With beautiful weather, a record attendance, and good racing, the day resulted in being a most enjoyable one for those present.

Amongst the spectators were Mr. and Mrs. W, Mortloek, Miss M. Doswell, Mr. and Mrs. Christinson, the Hon. L. O'Loughlin, Mr and Mrs. J. Tennant, Mr. and Mrs. R. Hope, Miss G. Prockter, Miss D. Frazer, Dr, Glynn, Mr. and Mrs. A. Gebhardt, Mr, and Mrs. Tothill, Mr. and Miss Power, Miss Ward, Dr. Stevens (Millicent), Messrs. L. Gebhardt. E. Bowman, J. Kerr, F. Tennant, R. Gwynne, A. Fenner, E. Britten Jones, D. Bowman, W. A. West, A. Carter.

 
1909

Chronicle (Adelaide, SA) Saturday 18 February 1911, page 53

MARTINDALE RACES.

A large gathering of people attended the Martindale races on Wednesday, February 8, including a number of racing enthusiasts who journeyed up from town.

Usually the meeting falls on one of the hottest days of the summer months, but this year it rained for the most part of the day; but, notwithstanding the wet weather, the people from all surrounding districts put in an appearance.

 

Mrs. W. T. Mortlock and Mrs. David Power entertained a number of. their friends at an enjoyable luncheon party, and later at afternoon tea.

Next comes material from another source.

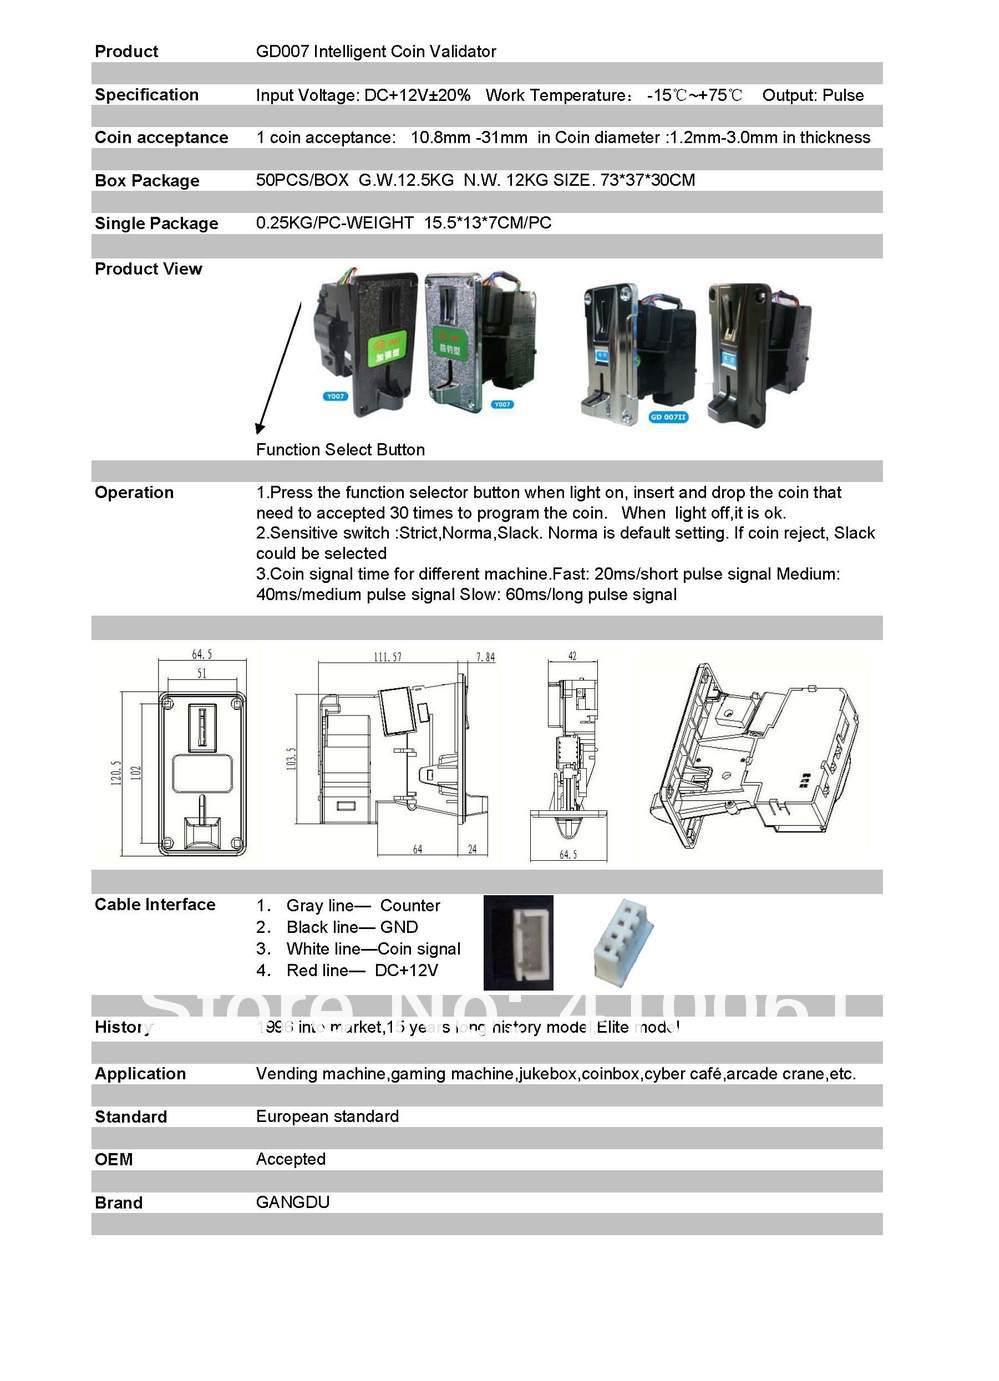 007 tech manual.jpg

Amongst the guests were Mr. and Mrs. John Tennant, Mr. and Mrs. R. M. Hawker, Mrs. E. Bowman, Mr. and Mrs. Maitland. Mrs. Christenson, Mr. and Mrs J. Malcolm, Mr. and Mrs. Faulkner, Mr. and Mrs. Lyall Mr. and Mrs. Weston, Mr. and Mrs. L. Aldridge, Mrs. West., Mrs. Harcus, the Misses May Love, Tomkinson, H. Hammond, D. Weston, R. Gwynne, P. Bowman, Norman, Parsons, Robin Norman, O. Harrold, Hawkes, and Messrs. W. T. Mortlock, D. Power, H. A. Parsons, Duffield, Tanner, C. Beaven, R. and C. Gwynne, W. Wood, W. A. West, S. Ayers, D. Bowman, F. Tennant, R. Hope, Hawkes, van Senden, H. Coles.

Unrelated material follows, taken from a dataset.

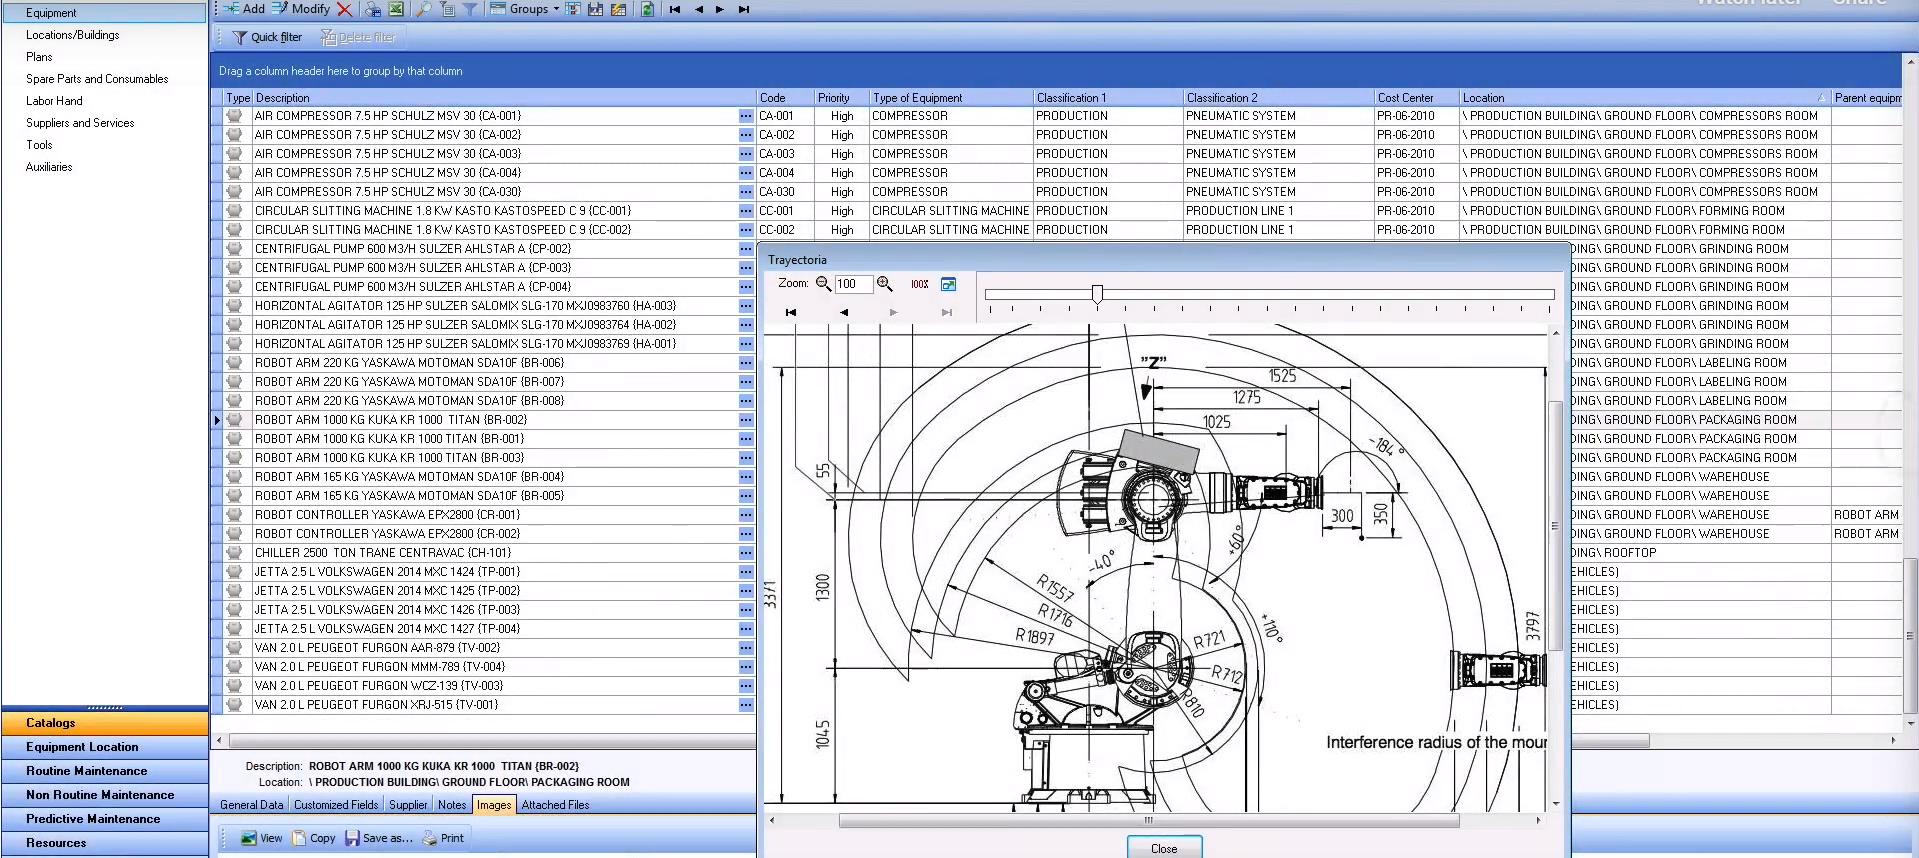 MPSoftware document viewer

Others present on the course were Mr. and Mrs. Phil Newland, Mr. and Mrs. Lindsay, the Misses Lindsay, Mr. Lance Lewis, Mr. N. Colley.

1911
 
 

Daily Herald (Adelaide, SA), Thursday 13 February 1913, page 7

MARTINDALE RACES - SUCCESSFUL COUNTRY MEETING

EAGER WINS AGAIN

HORSE, OWNER, AND JOCKEY, DISQUALIFIED

The meeting of the Martindale Jockey Club was held on the Manoora Racecourse yesterday. There was an excellent attendance.

Country folk for many miles around gathered to enjoy the sport; and a strong contingent went up from the city in two special trains, which were comfortably filled, and ran well to scheduled time.

Early visitors to the course were side to inspect the improvements made by the club during the year.

One of the best features noticed was the complete railing in of the racing track, which is unusual at country race meetings. The result was that the racing was of a high order, and compared favorably with city racing.